**Data below**

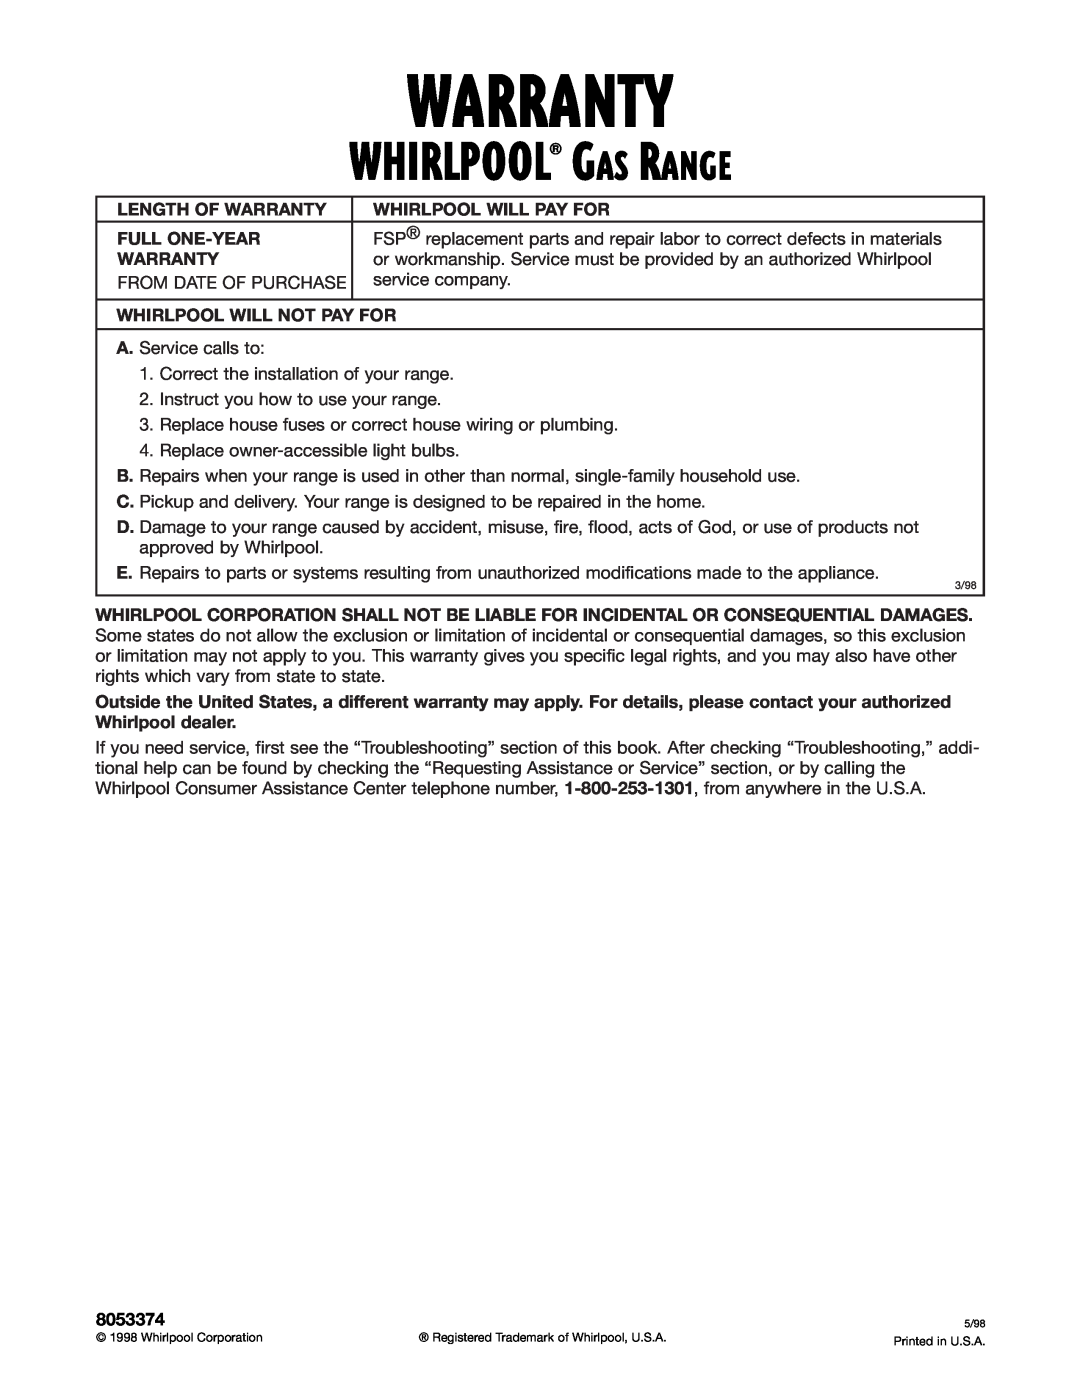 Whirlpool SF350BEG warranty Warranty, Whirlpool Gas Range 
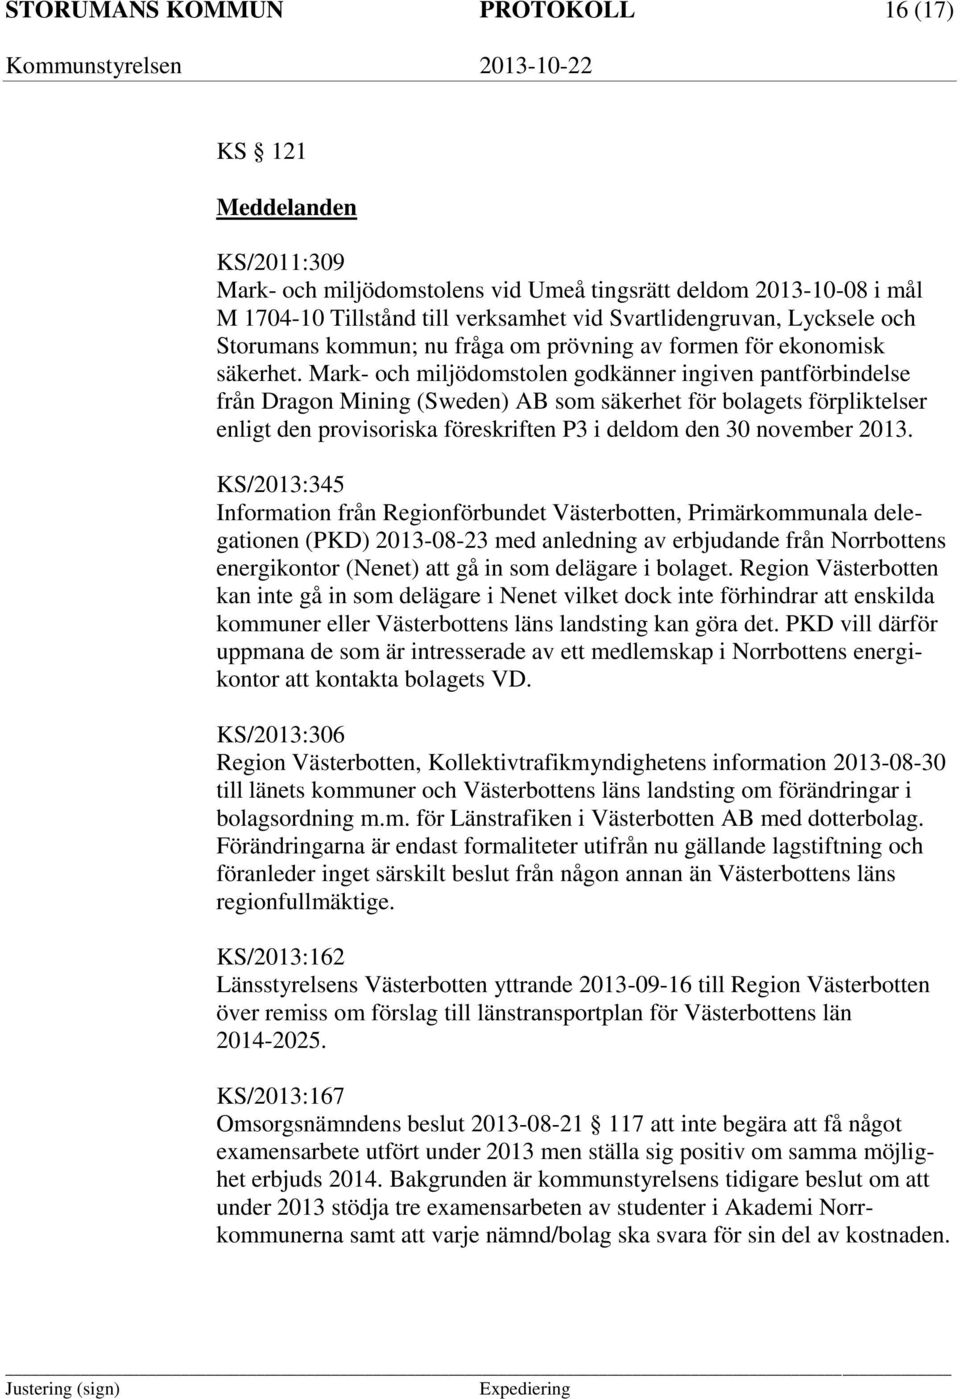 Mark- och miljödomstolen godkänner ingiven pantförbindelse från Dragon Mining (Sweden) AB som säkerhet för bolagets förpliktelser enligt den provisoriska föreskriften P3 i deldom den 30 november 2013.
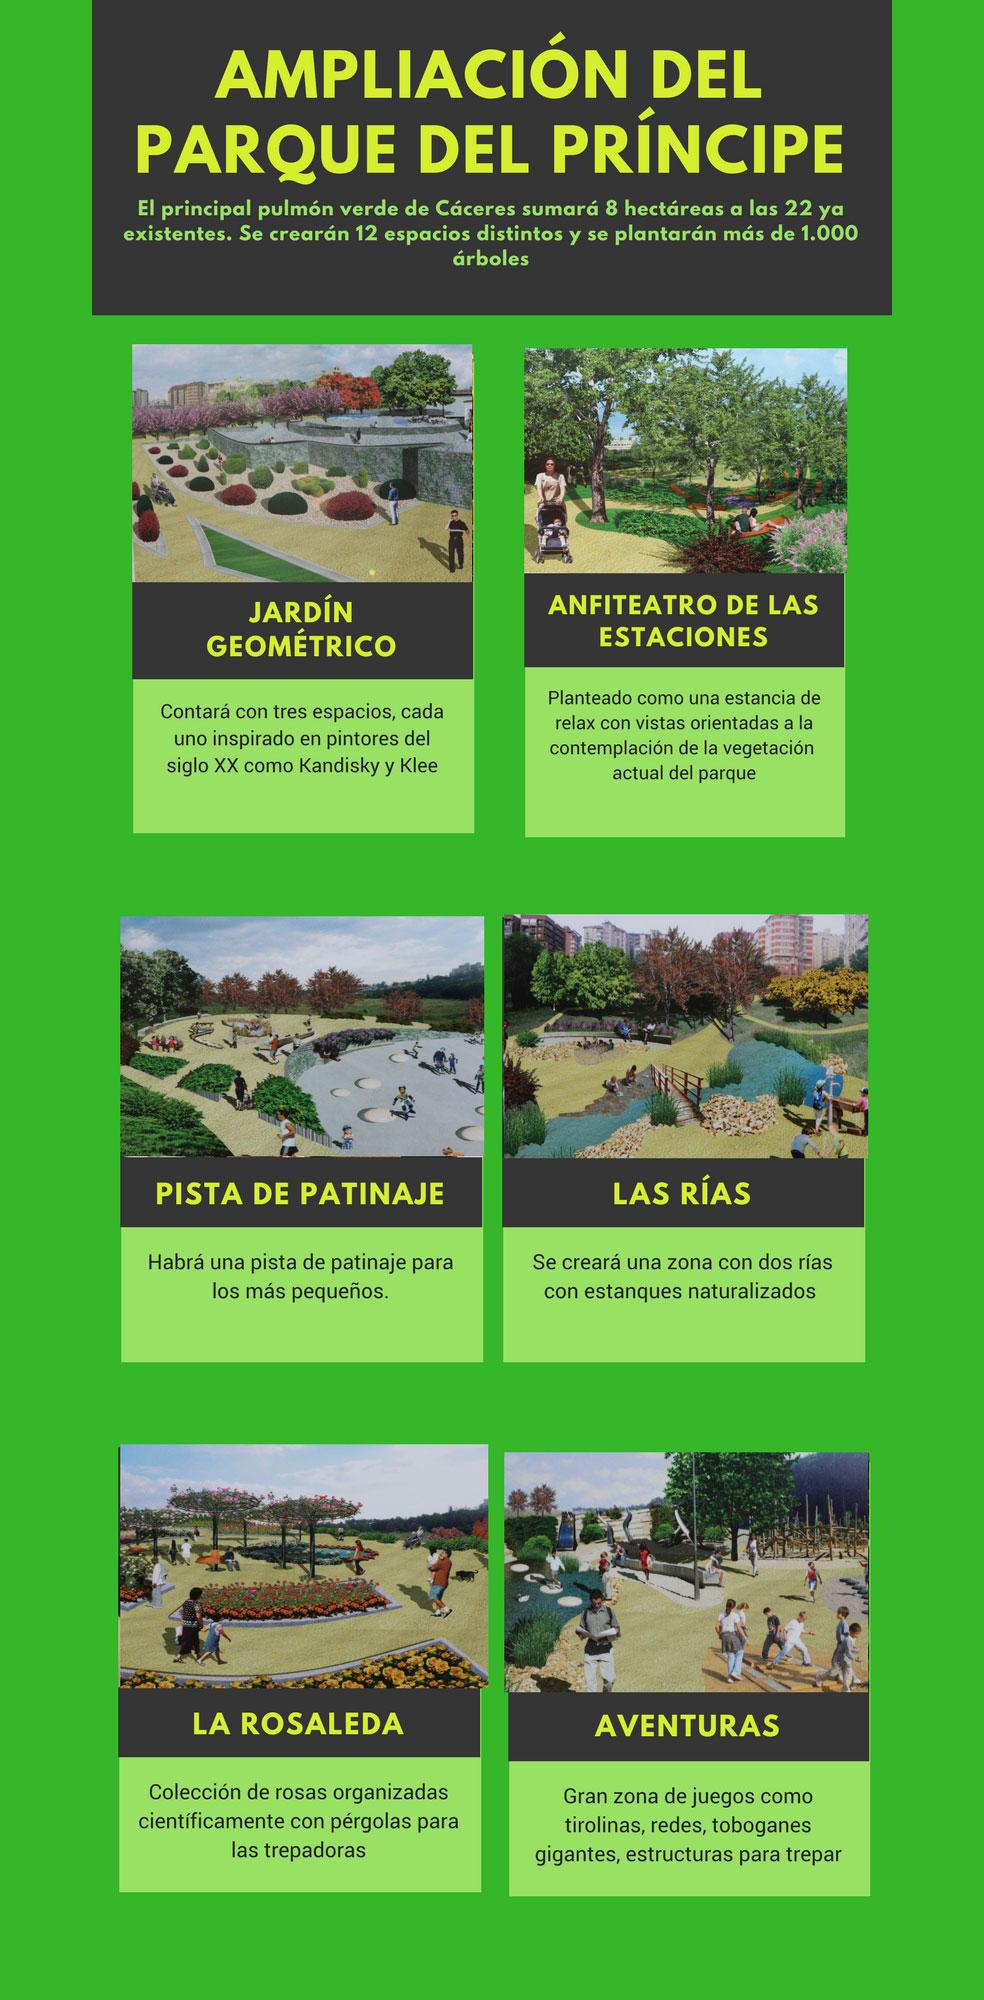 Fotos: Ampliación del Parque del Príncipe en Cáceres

**Activity**
In the reply, each line of the data must appear exactly as written, and no picture may appear.

**The answer**
 Whirlpool SF350BEG warranty Warranty, Whirlpool Gas Range 
 Mark- och miljödomstolen godkänner ingiven pantförbindelse från Dragon Mining (Sweden) AB som säkerhet för bolagets förpliktelser enligt den provisoriska föreskriften P3 i deldom den 30 november 2013.
 Fotos: Ampliación del Parque del Príncipe en Cáceres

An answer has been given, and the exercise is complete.